Pictures are to be left out; every line from the one with "Packsack Fold Drybag UL" through the end of the data must be transcribed exactly.
(ENTRIES PROVIDED)
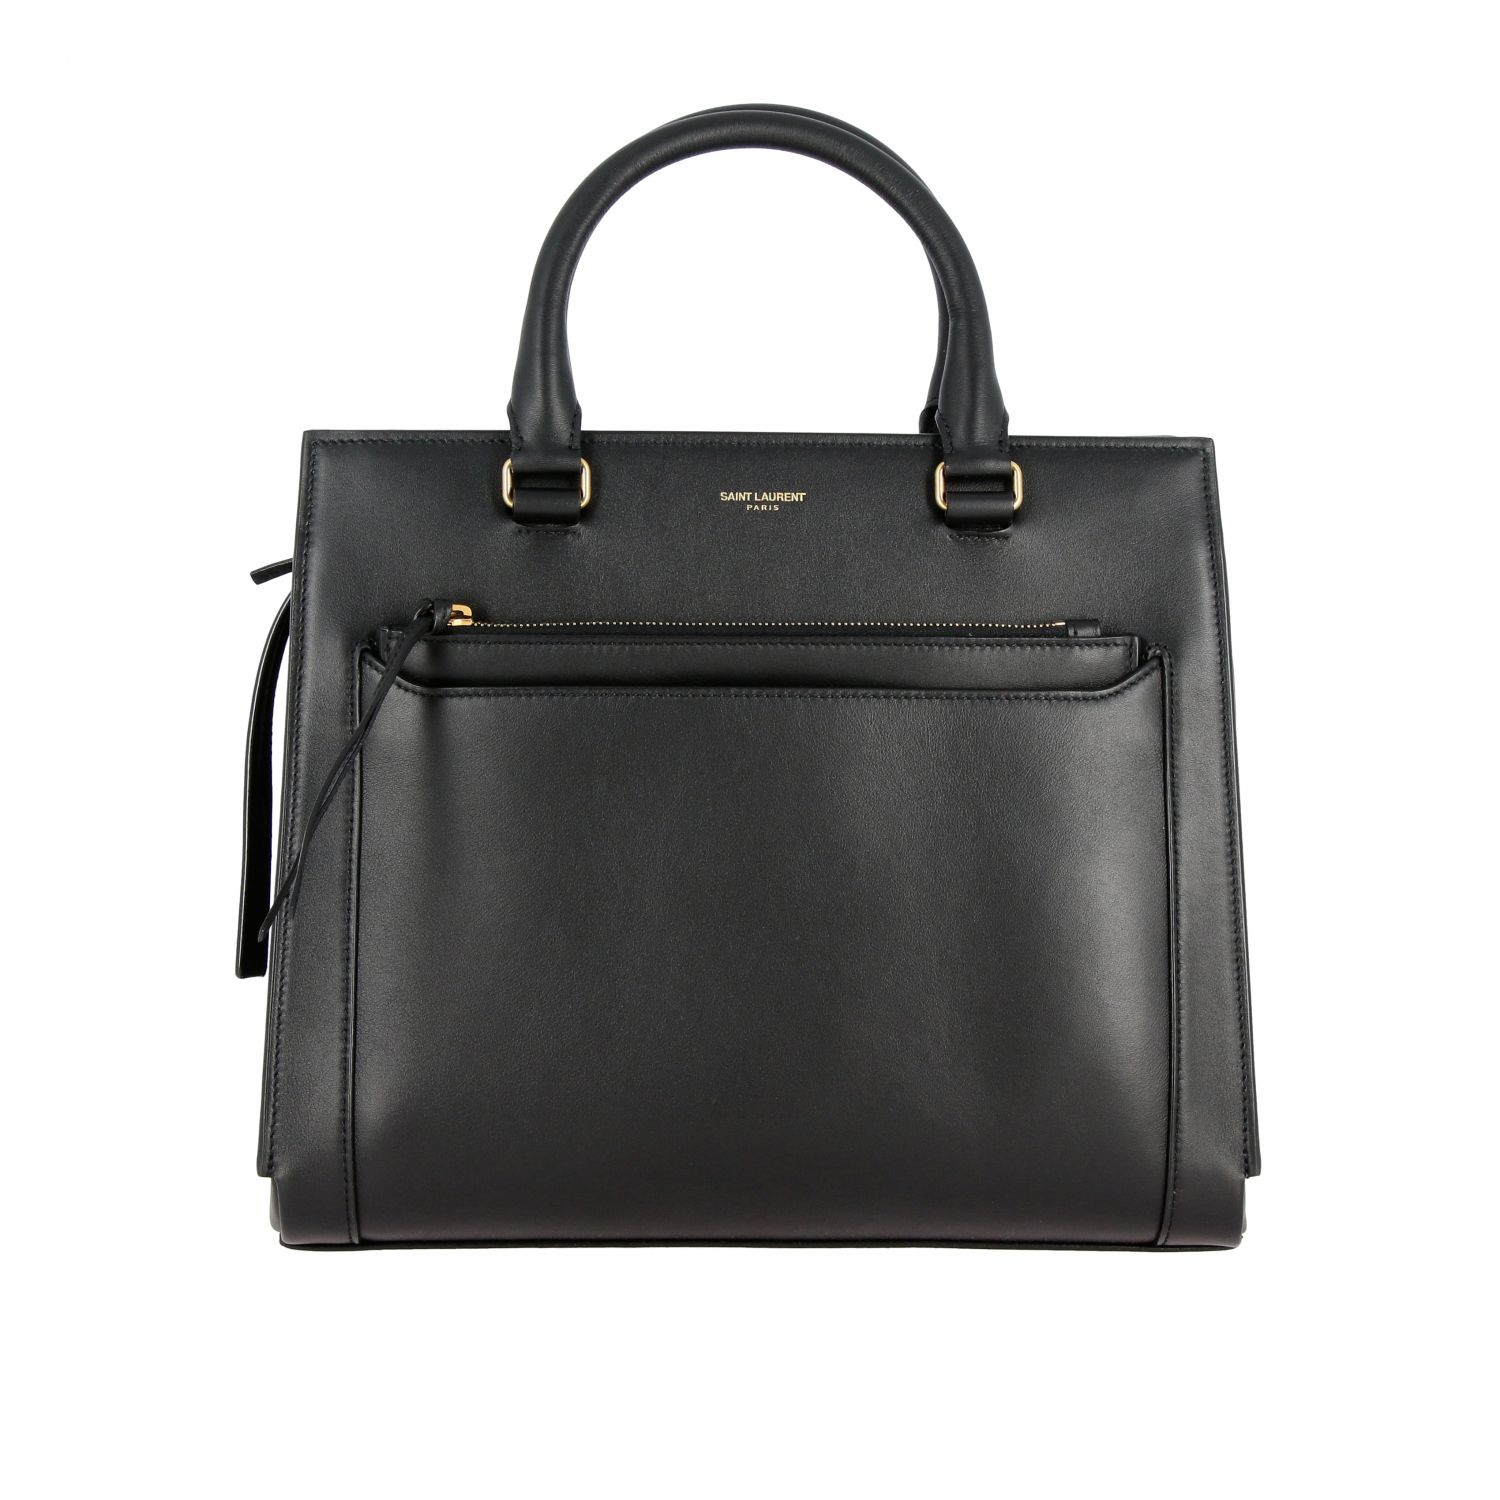 SAINT LAURENT: East side leather bag - Black | Handbag Saint Laurent ...
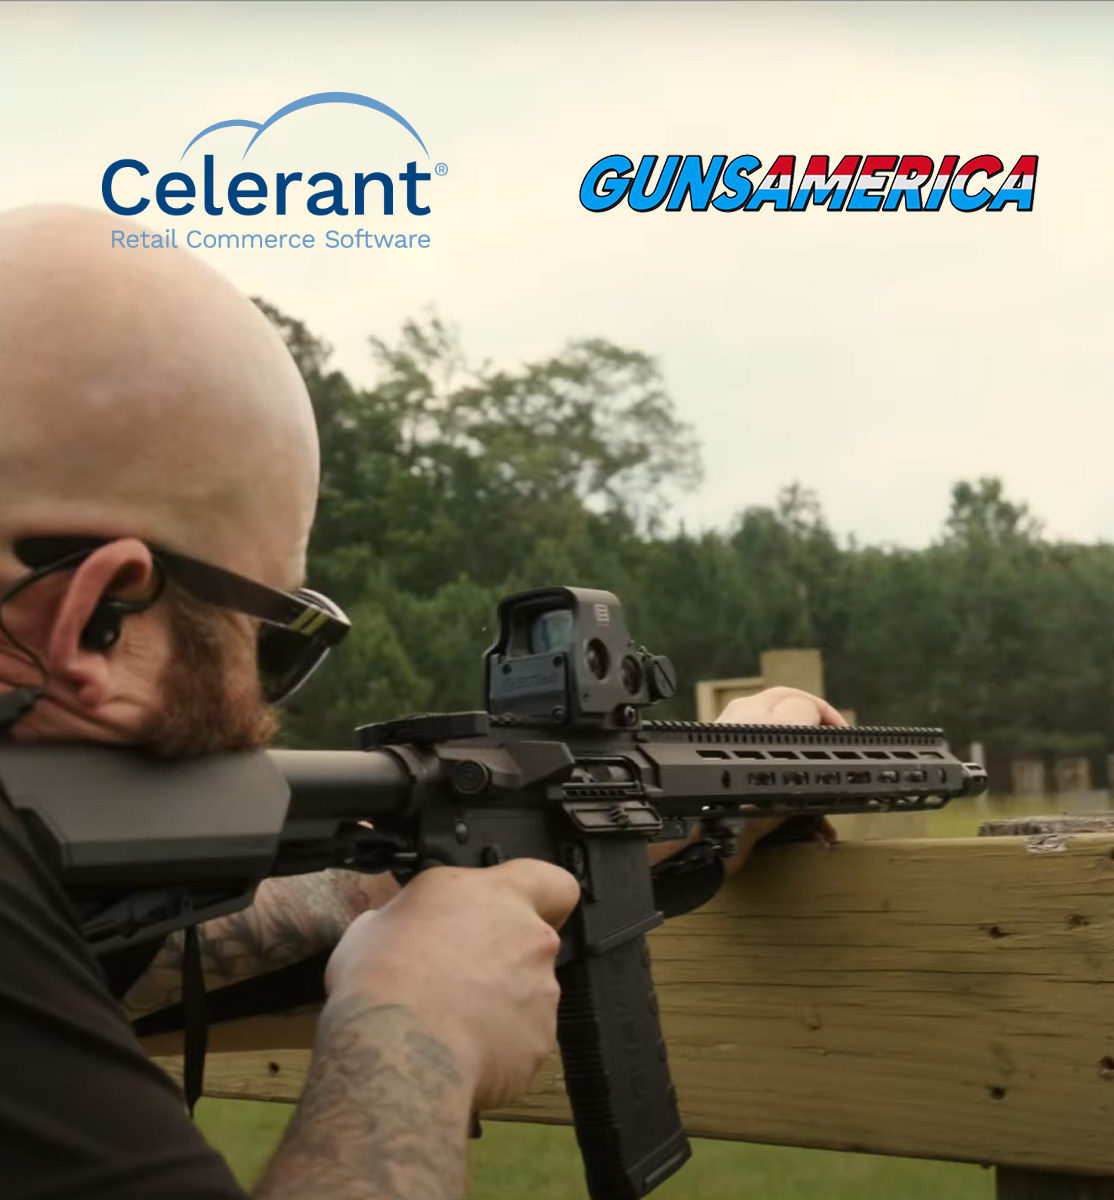 GunsAmerica integrates with Celerant's retail software
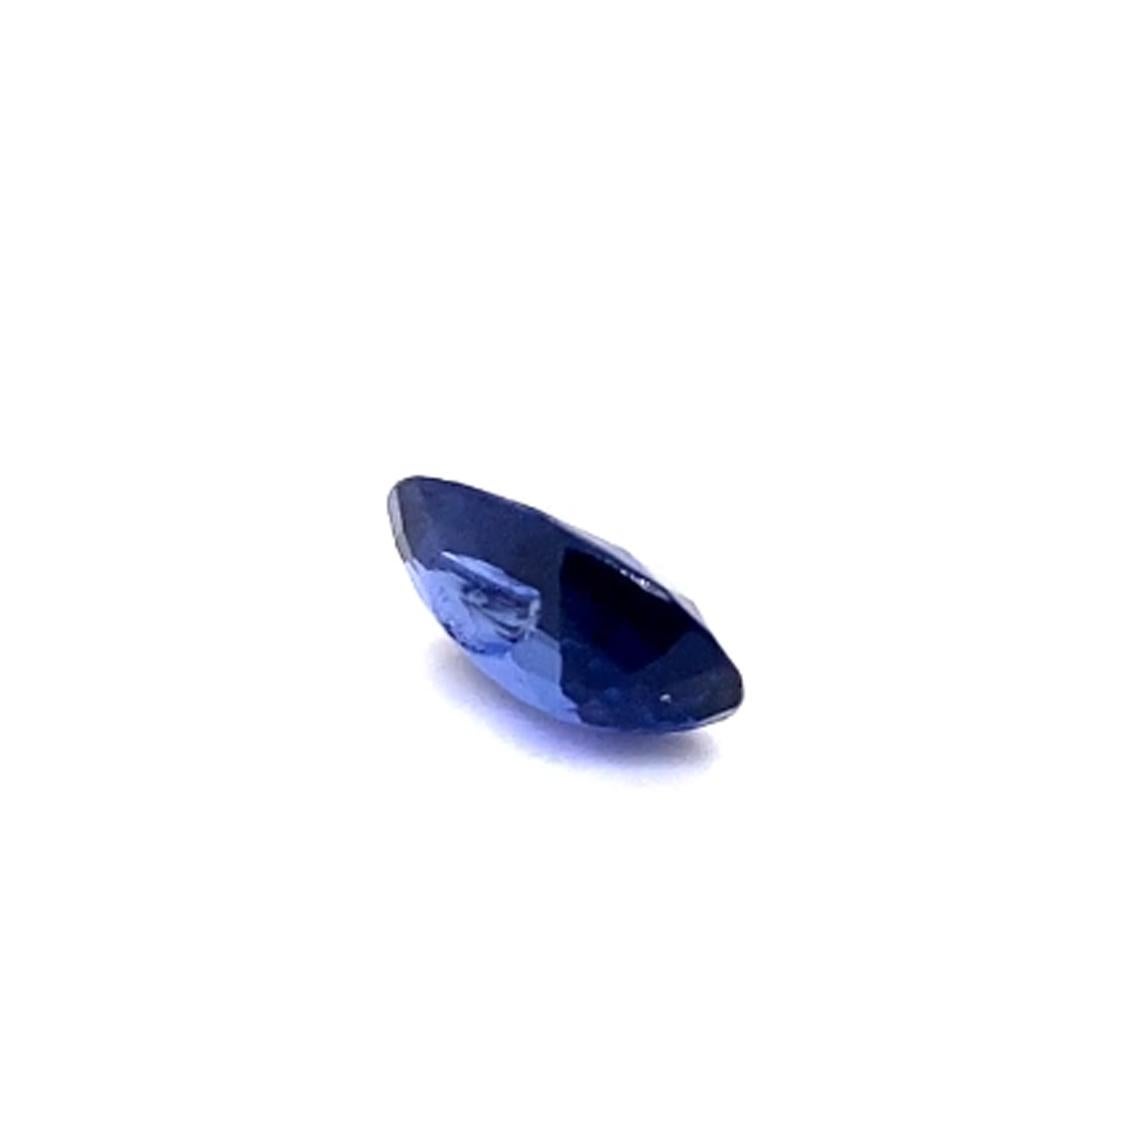 Oval Cut Bellerophon Gemlab Certified 4.34ct Blue Sapphire Natural Gemstone For Sale
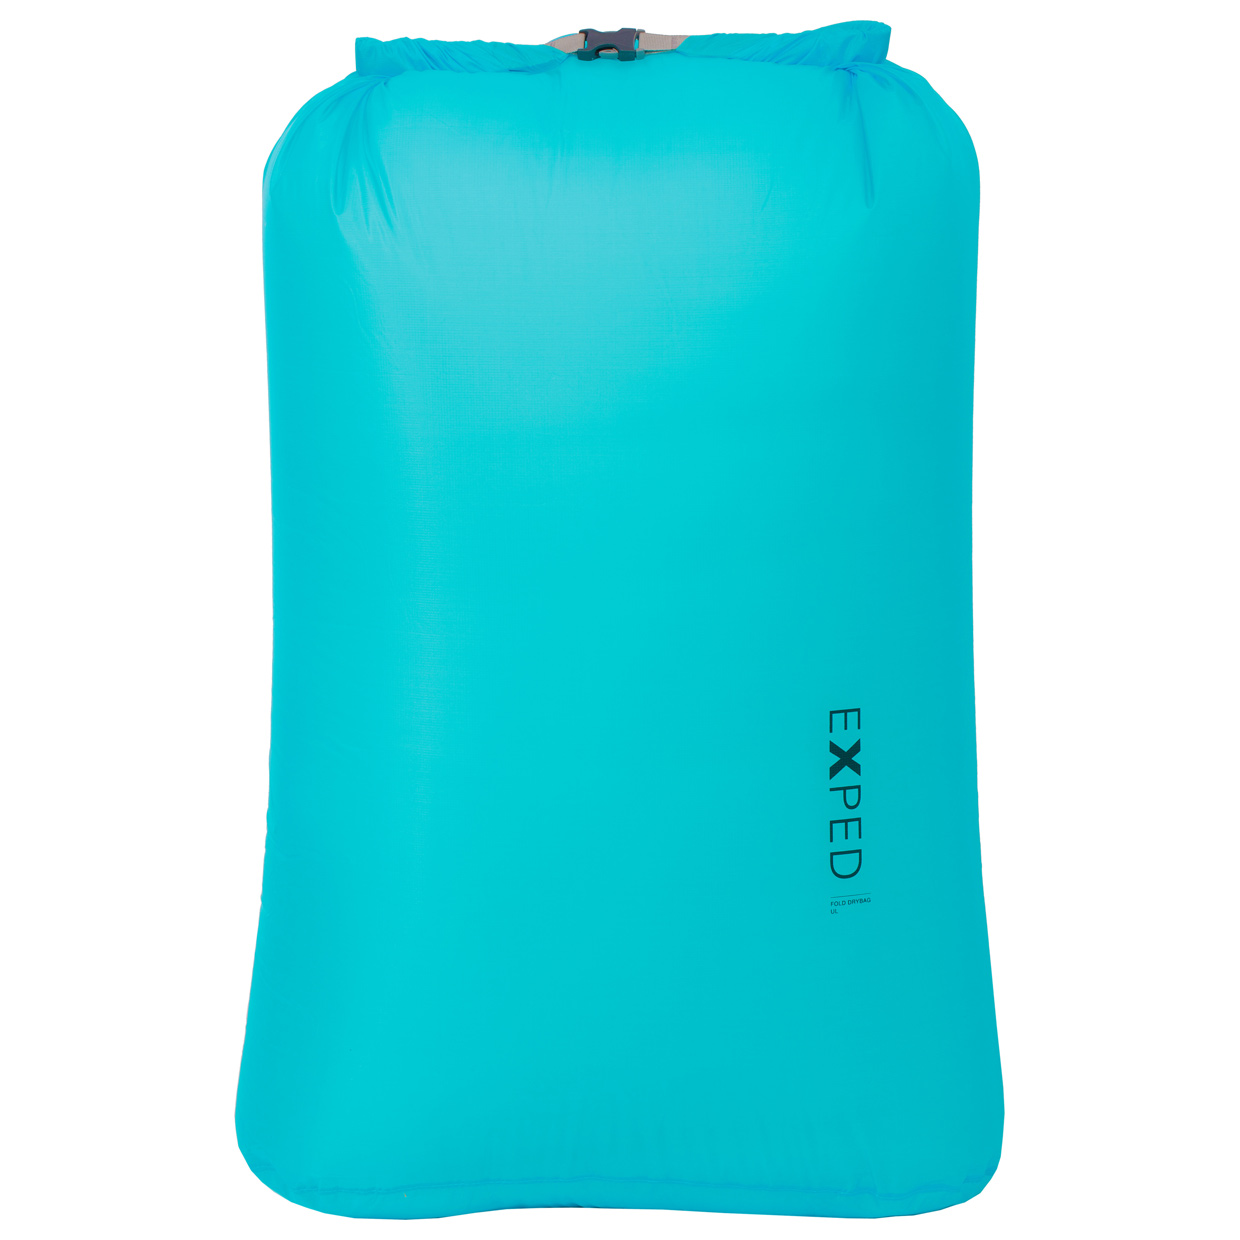 Packsack Fold Drybag UL
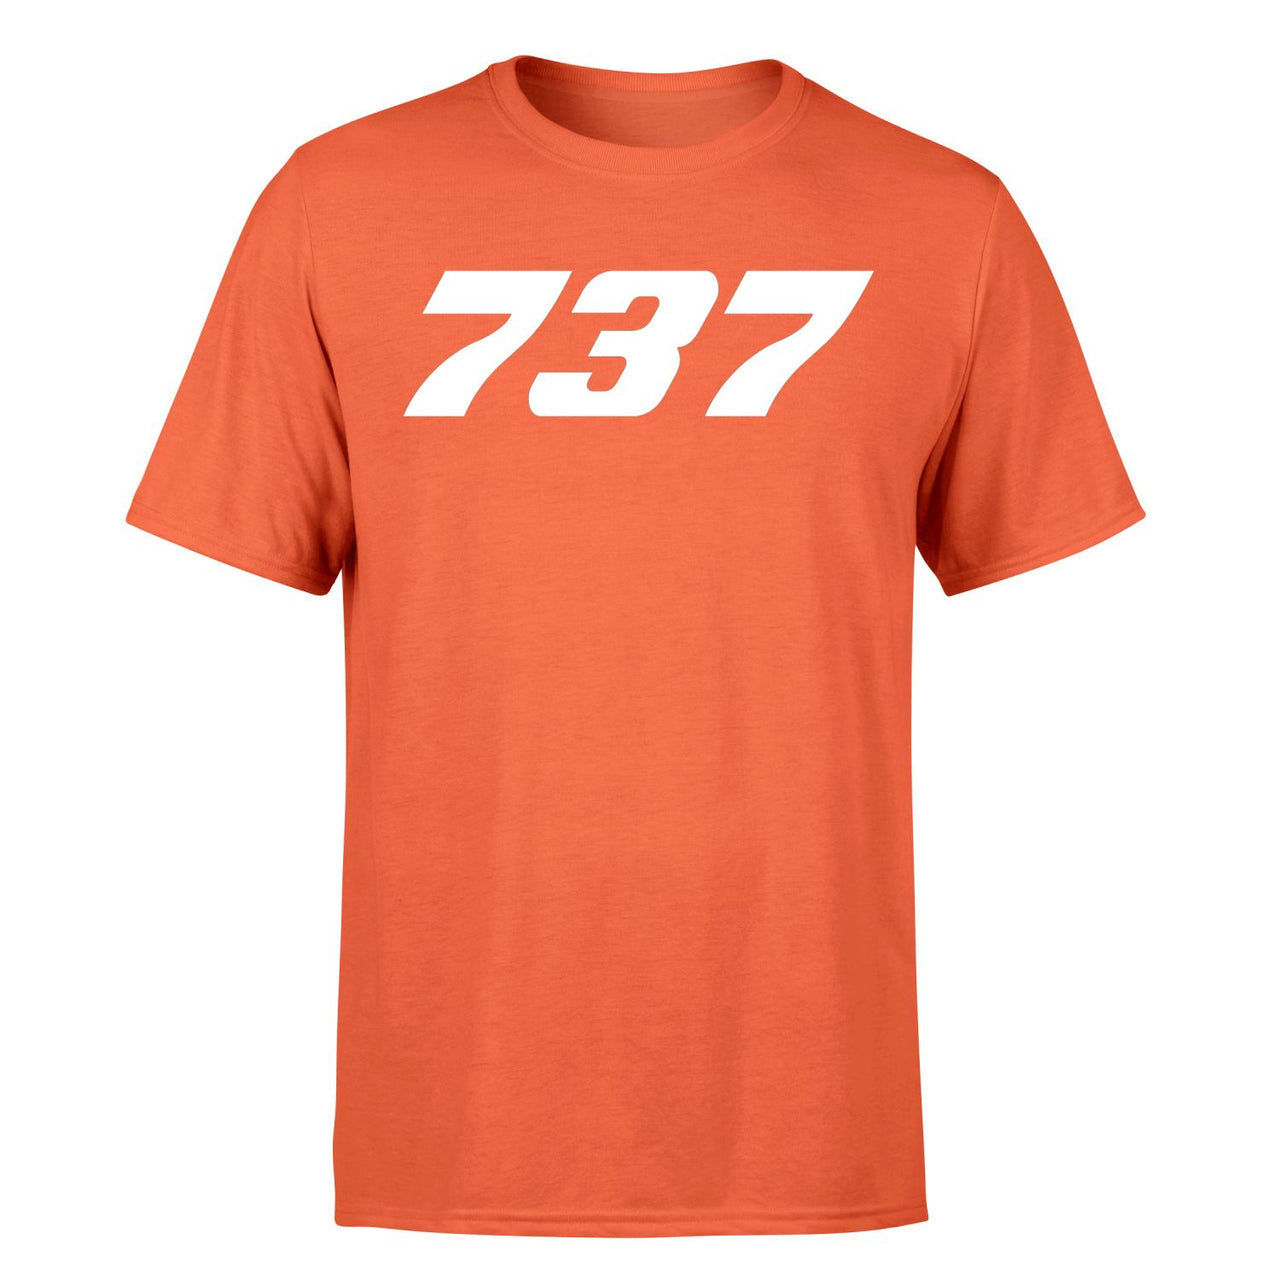 737 Flat Text Designed T-Shirts
(End ENTRIES PROVIDED)
RESPONSE BELOW:
 Packsack Fold Drybag UL
 737 Flat Text Designed T-Shirts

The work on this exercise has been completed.